The efforts of China Oceanwide Holdings Ltd. increase uncertainty as to whether the three projects, which include three hotels and possibly 3,000 residences on 550 hectares of land on Ko Olina and the neighboring West Kapolei area, will be built as planned, and if so, when and by whom.
Of the three projects, the Atlantis Resort, valued at US $ 1.5 billion, has received the greatest public attention with its application as a future landmark with 1,324 guest rooms and luxury apartments, an aquarium, a water park, spas, restaurants, bars and other elements on 26 hectares attracted by Disney’s Aulani Resort in front of the man-made beach lagoons at Ko Olina Resort & Marina.
Oceanwide also planned the development of two luxury hotels and a luxury condominium on nearby 17 acre beachfront property on Ko Olina, as well as a master-planned community on 514 acres of land immediately east of Ko Olina known as Kapolei West and for up to 2,500. approves homes, golf course, commercial uses, and other things.

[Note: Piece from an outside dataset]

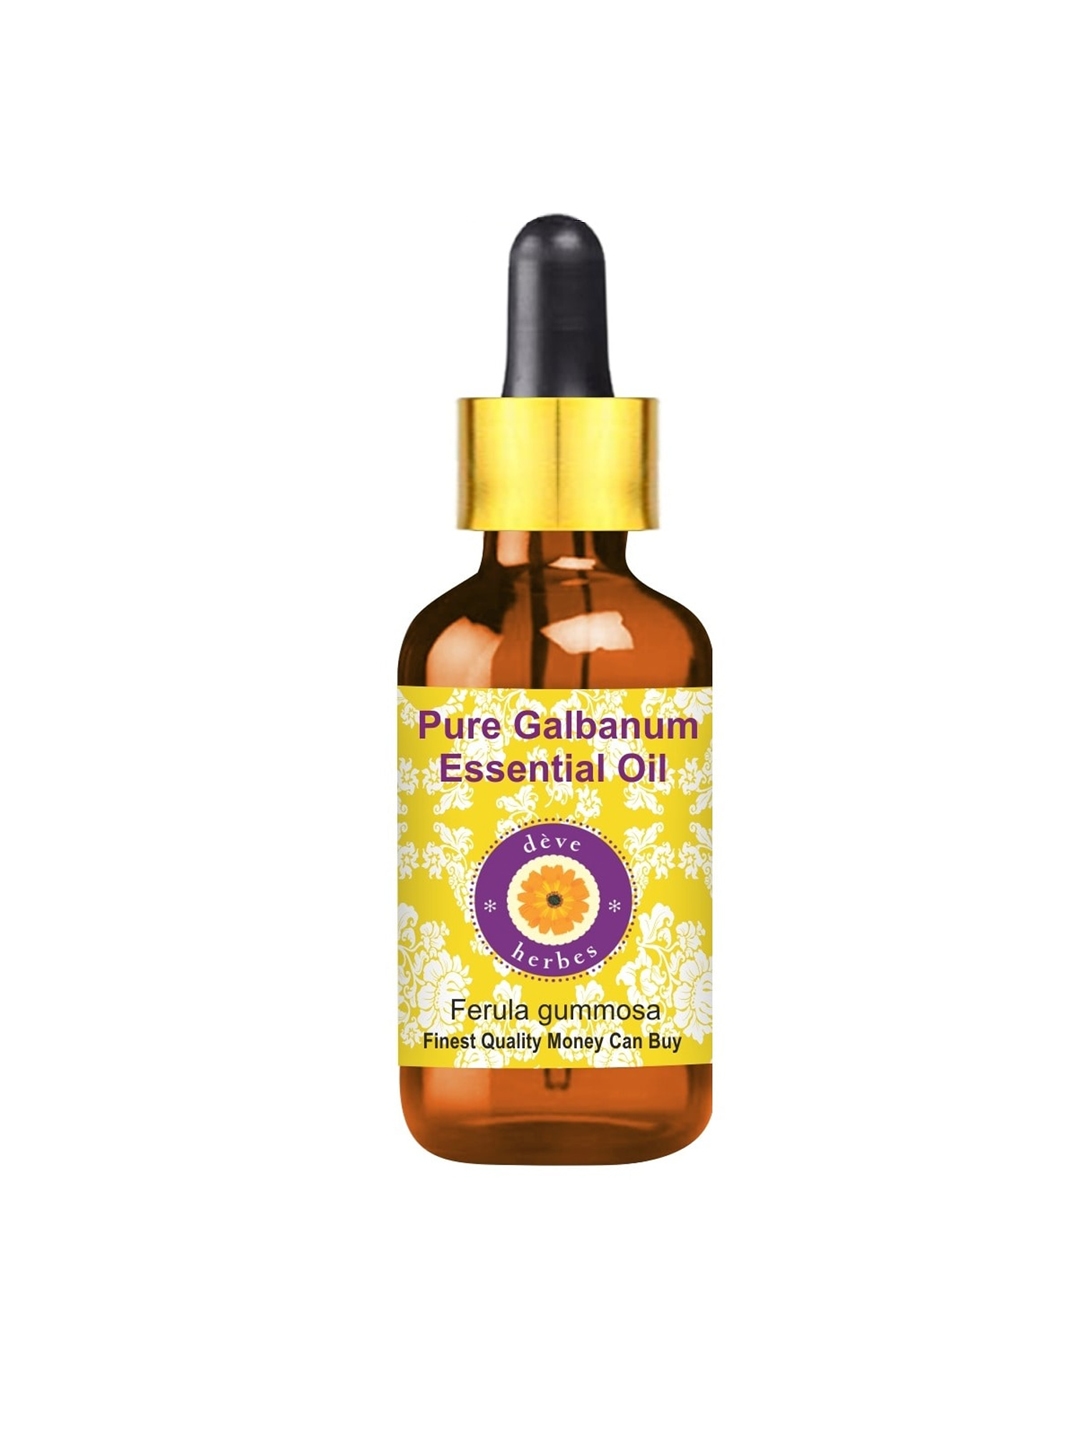 Deve Herbes Pure Galbanum Essential Oil 100% Natural Therapeutic Grade 50ml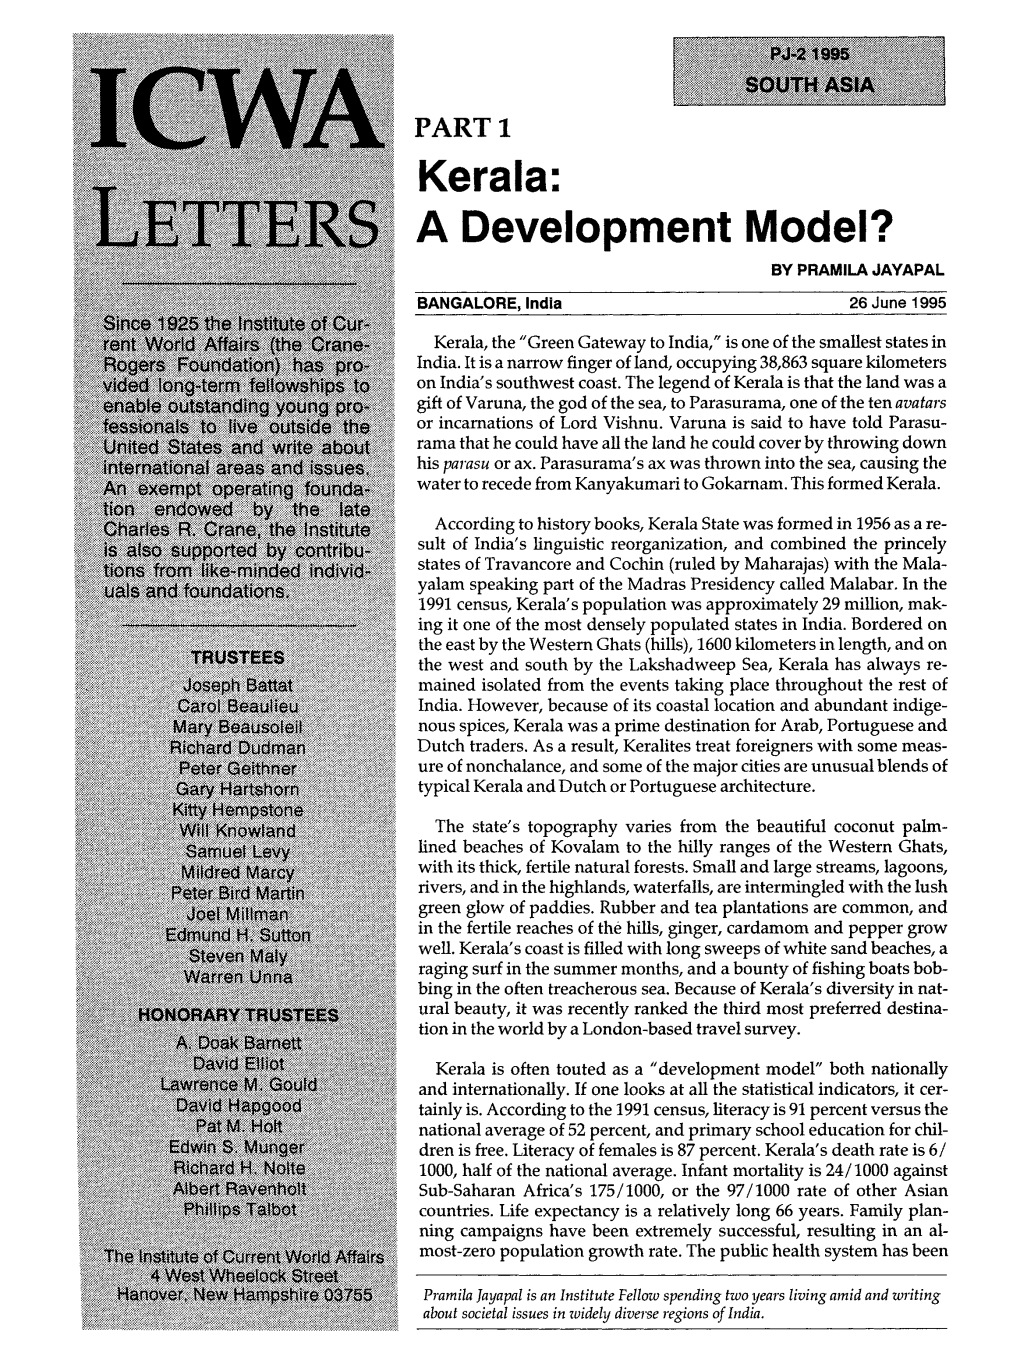 Kerala: a Development Model? by PRAMILA JAYAPAL BANGALORE, India 26 June 1995

The company, which has public shareholders, announced in a financial report last month that a potential sale of all three Hawaiian properties failed in late June after a final agreement on key terms was not reached following a preliminary agreement with an unknown buyer . March.
Oceanwide also said in the same Aug. 25 filing that it is negotiating the possible sale of 17 acres of land in Kapolei. In the submission, the property was not described otherwise, although Ko Olina is part of Kapolei.
A representative from Oceanwide was unavailable for comment.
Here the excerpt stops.